Pada tradisi pemikiran modern, konsep bangsa banyak dirumuskan pemikir-pemikir Eropa. Ernest Renan, seorang sejarawan dan filsuf Prancis abad ke-19, memandang bangsa sebagai kehendak hidup bersama. Ialah suatu kesepakatan kolektif yang terus diperbarui dari hari ke hari.
Sementara itu, Otto Bauer, pemikir sosialis dan teoritikus dari Austria, mendefinisikan bangsa sebagai kesatuan karakter yang terbentuk oleh persamaan nasib sejarah. Bauer menekankan pengalaman sejarah yang dialami bersama dalam jangka panjang. Akhirnya membentuk watak dan identitas kolektif suatu bangsa.
Kedua konsep itu menempatkan “bangsa” sebagai konstruksi sosial.
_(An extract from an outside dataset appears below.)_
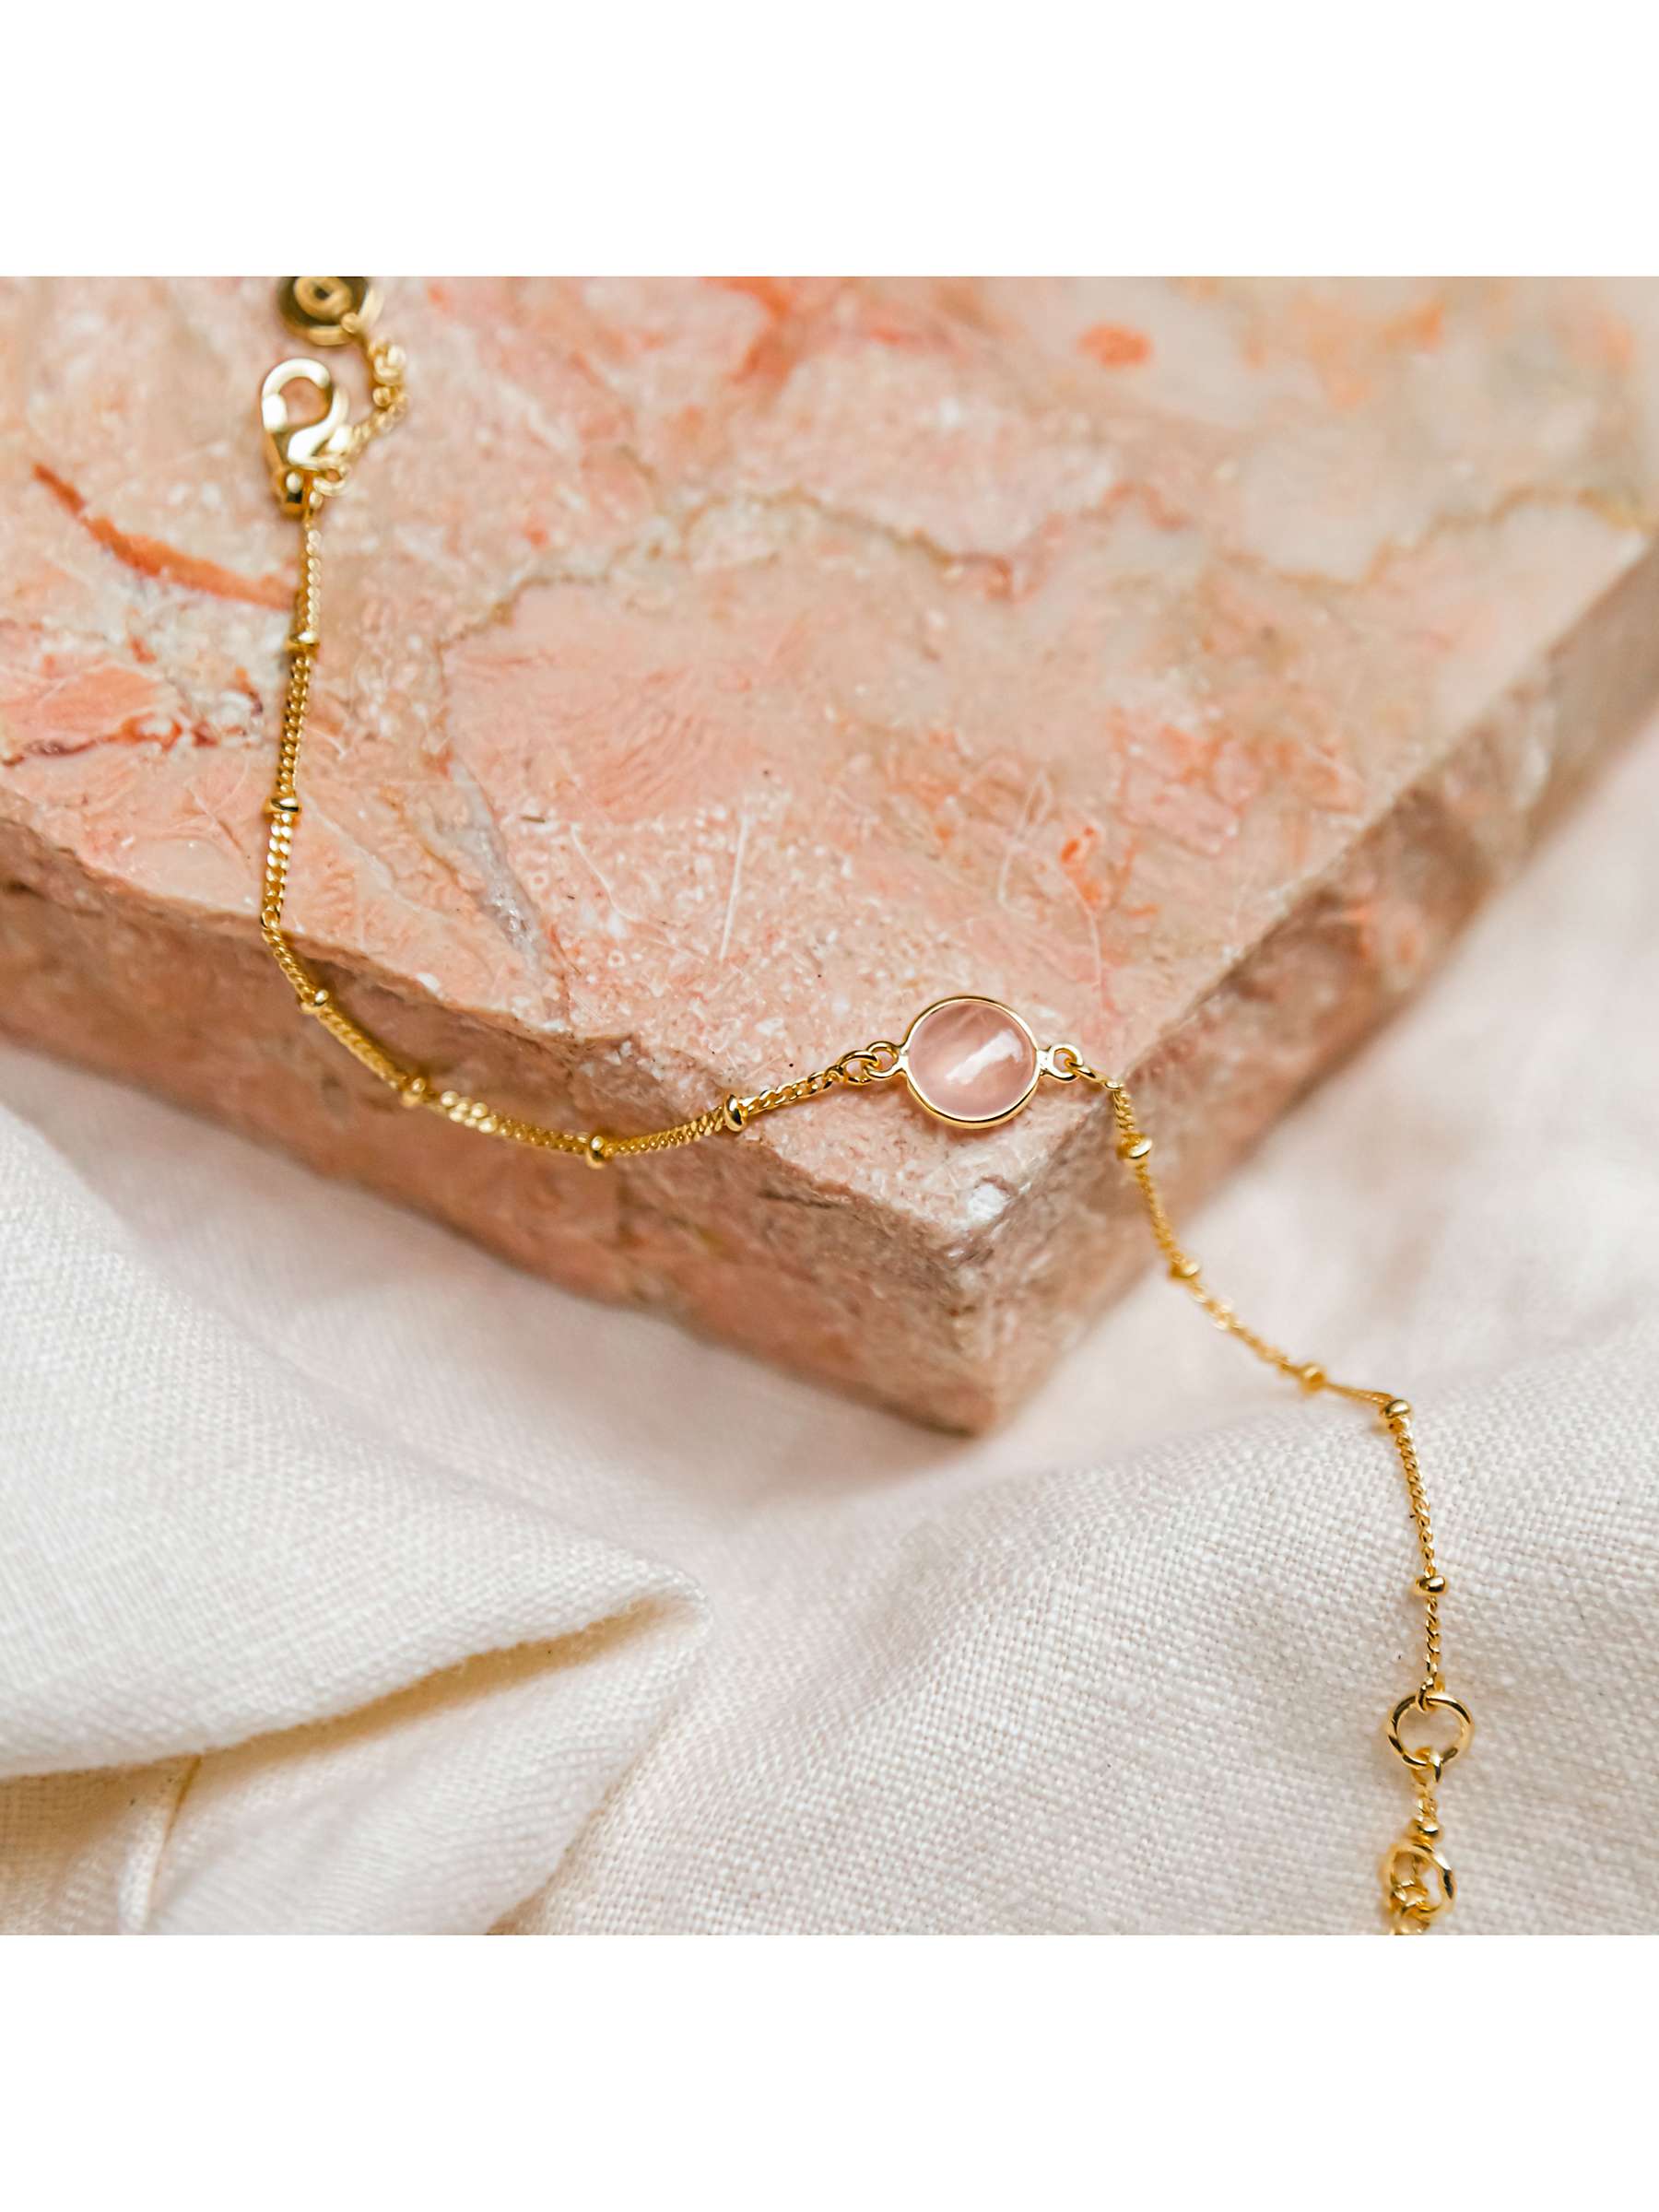 Buy Daisy London Round Semi-Precious Healing Stone Bead Chain Bracelet, Rose Quartz Online at johnlewis.com

Bertumpu pada pengalaman manusia, kehendak kolektif, dan proses sejarah. Konsep-konsep ini lahir dari pengalaman Eropa dan lebih cocok menjelaskan bangsa-bangsa imigran atau bangsa-bangsa baru yang terbentuk tanpa keterikatan historis yang kuat dengan suatu wilayah tertentu.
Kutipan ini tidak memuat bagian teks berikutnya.